Federal Home Loan Bank Advances. Advances from the Federal Home Loan Bank increased $1.5 million, or 16.4%, to $10.5 million at March 31, 2022 from $9.0 million at December 31, 2021, due to a new New England Fund advance of $1.5 million with a cost of 1.35%. The advance is being used to fund an affordable housing initiative.

Equity. Total equity increased $1.4 million, or 1.8%, to $78.7 million at March 31, 2022 from $77.3 million at December 31, 2021, primarily due to net income of $1.4 million for the three months ended March 31, 2022.
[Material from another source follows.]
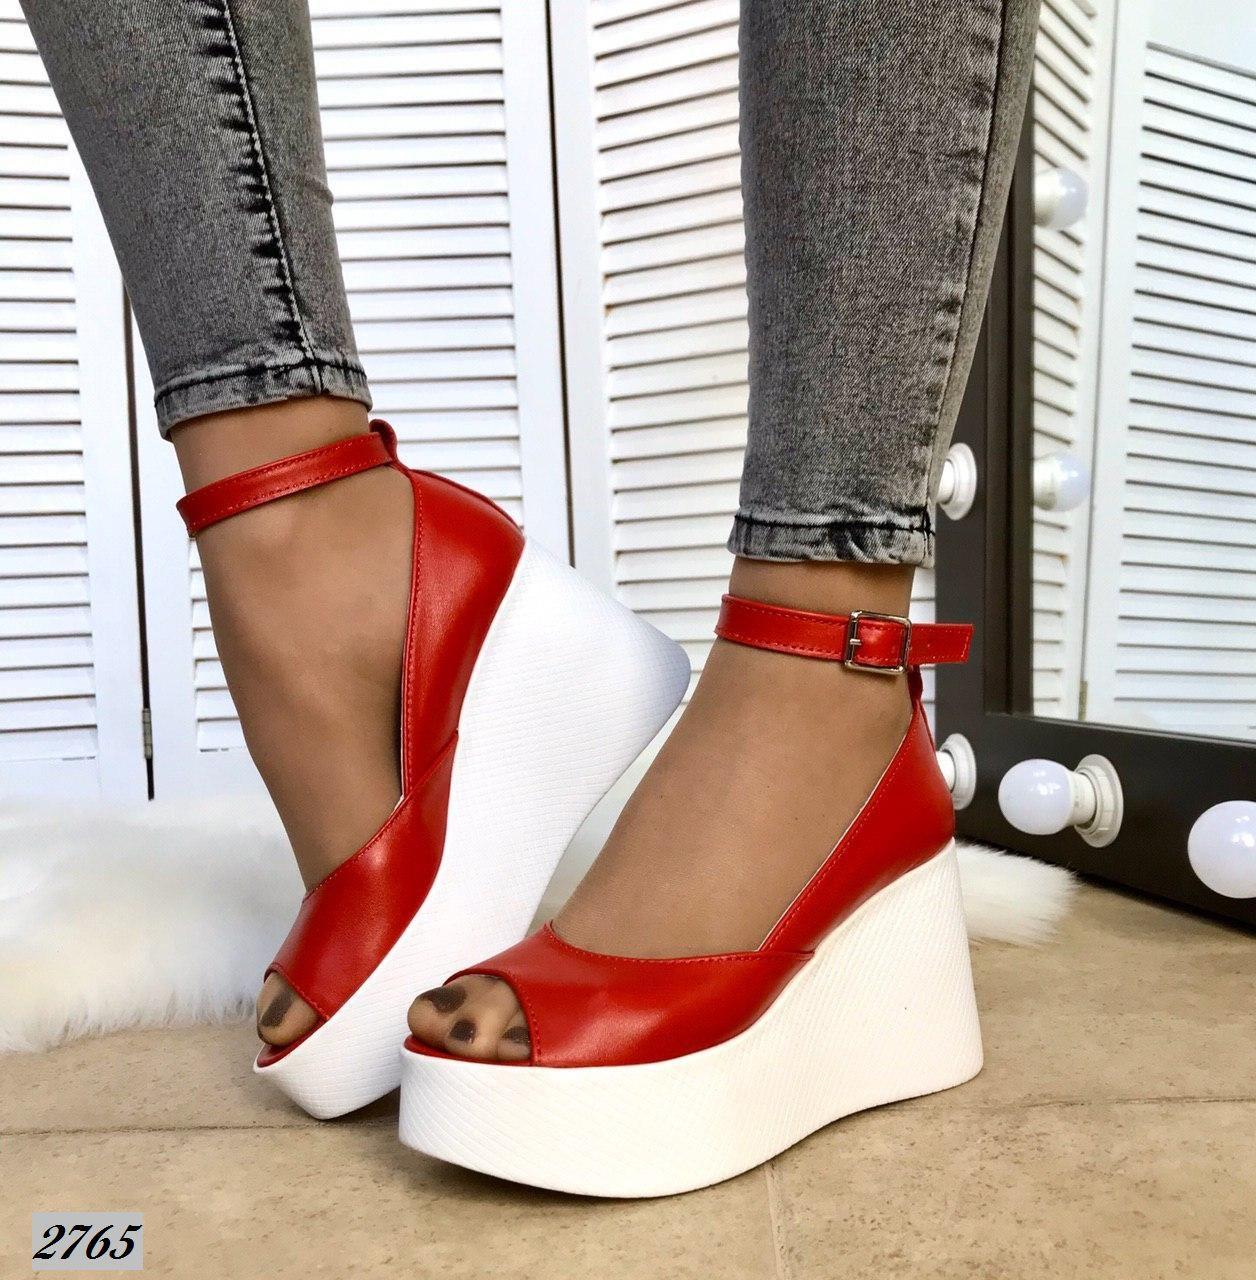 Туфли на платформе с ремешком. Размер 37 40

Comparison of Operating Results for the Three Months Ended March 31, 2022 and March 31, 2021

Net Income. Net income was $1.4 million for the three months ended March 31, 2022, compared to net income of $1.3 million for the three months ended March 31, 2021, an increase of $94,000, or 7.3%. The increase was primarily due to a $574,000 increase in net interest and dividend income, offset in part by a $387,000 increase in non-interest expense.

Interest and Dividend Income. Interest and dividend income increased $191,000, or 3.5%, to $5.6 million for the three months ended March 31, 2022 from $5.4 million for the three months ended March 31, 2021, primarily due to a $99,000 increase in interest and fees on loans and an $85,000 increase in interest and dividends on securities. The increase in interest and fees on loans was primarily due to an increase of $46.9 million in the average balance of the loan portfolio to $527.1 million for the three months ended March 31, 2022 from $480.3 million for the three months ended March 31, 2021. The increase in interest and dividends on securities was driven primarily by an increase of $10.6 million in the average balance of the investment security portfolio to $72.0 million for the three months ended March 31, 2022 from $61.4 million for the three months ended March 31, 2021 as well as $37,000 in income recognized on cost method investments. The weighted average yield for the loan portfolio decreased 31 basis points to 4.05% for the three months ended March 31, 2022 from 4.36% for the three months ended March 31, 2021, primarily due to lower market interest rates. Paycheck Protection Program ("PPP") loans contributed an additional $74,000 and $206,000 in net fees for the three months ended March 31, 2022 and 2021, respectively. PPP loans at March 31, 2022 totaled $1.8 million compared to $3.4 million at December 31, 2021 and $9.8 million at March 31, 2021.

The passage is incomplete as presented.